TO DO> An exact reprint of the listing is required, with no pictures included.

INFORMATION SHOWN>

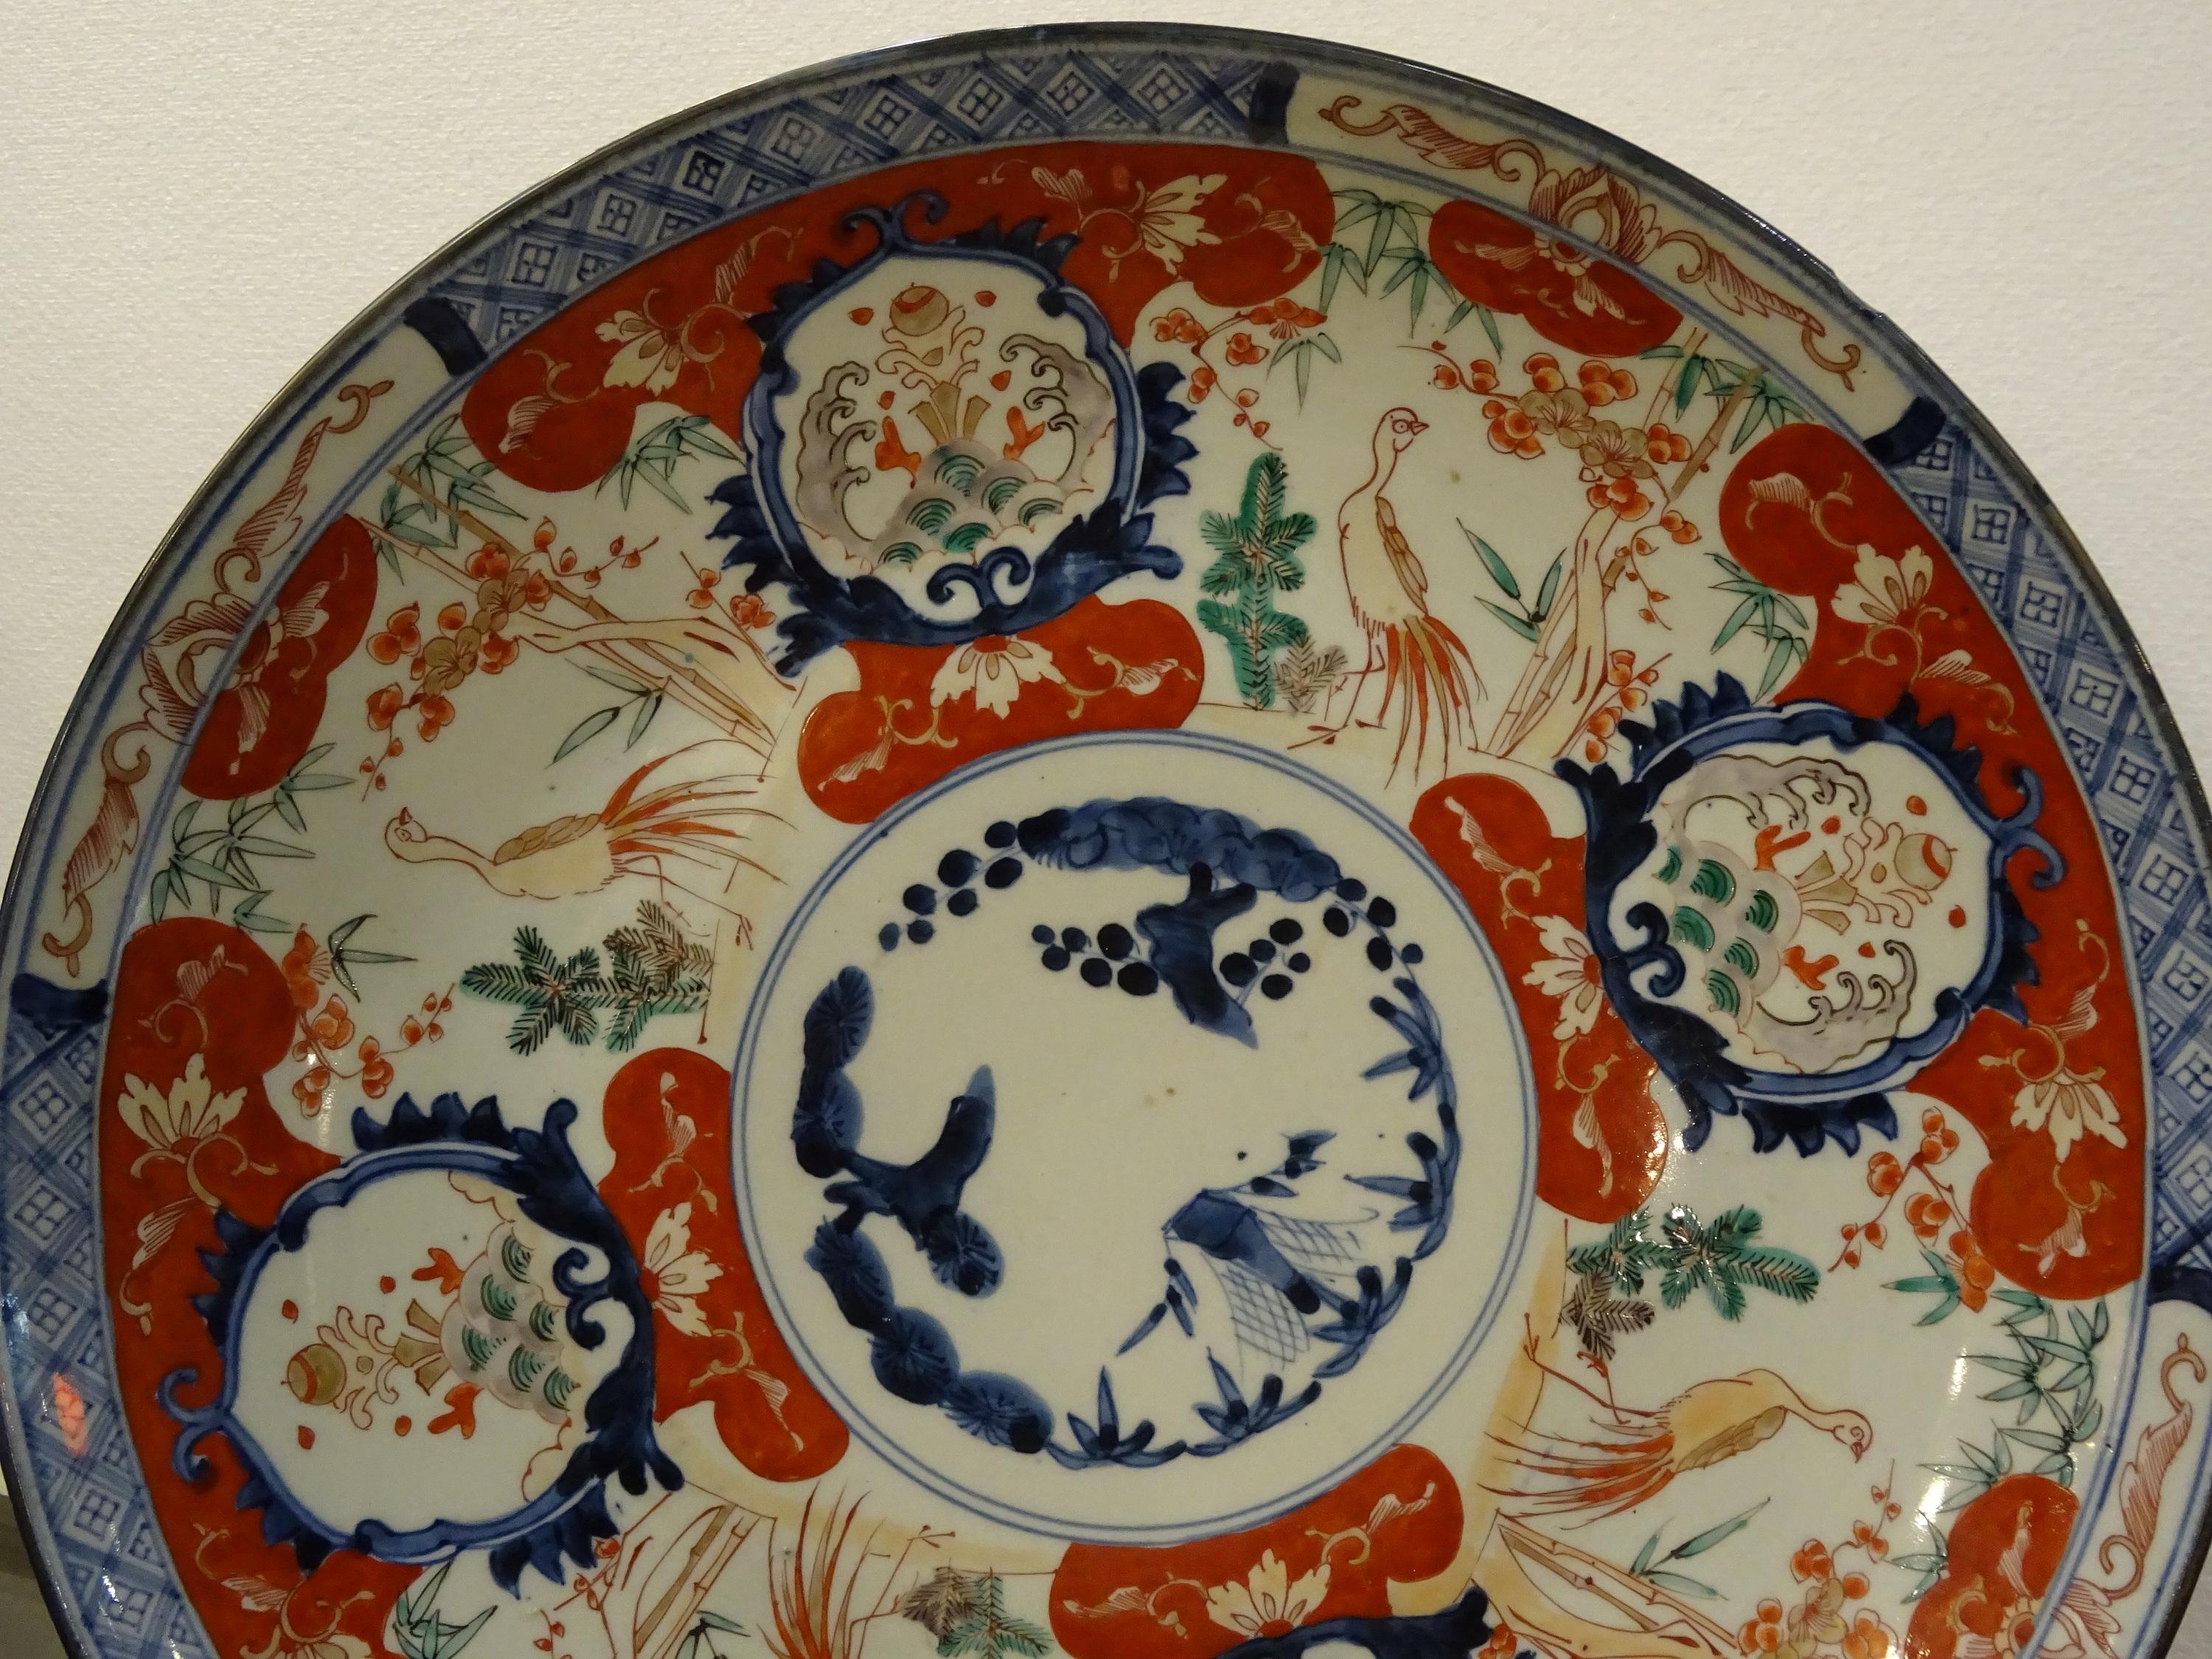 One of a kind large red, blue and white Imari hand painted Japan porcelain plate.
It has the Kakiemon design with flowers in red, blue and green colors and peacocks.
The Imari porcelain was very important in the Edo period, until 1868, influencing

PROBLEM SOLUTION>
 One of a kind large red, blue and white Imari hand painted Japan porcelain plate.
It has the Kakiemon design with flowers in red, blue and green colors and peacocks.
The Imari porcelain was very important in the Edo period, until 1868, influencing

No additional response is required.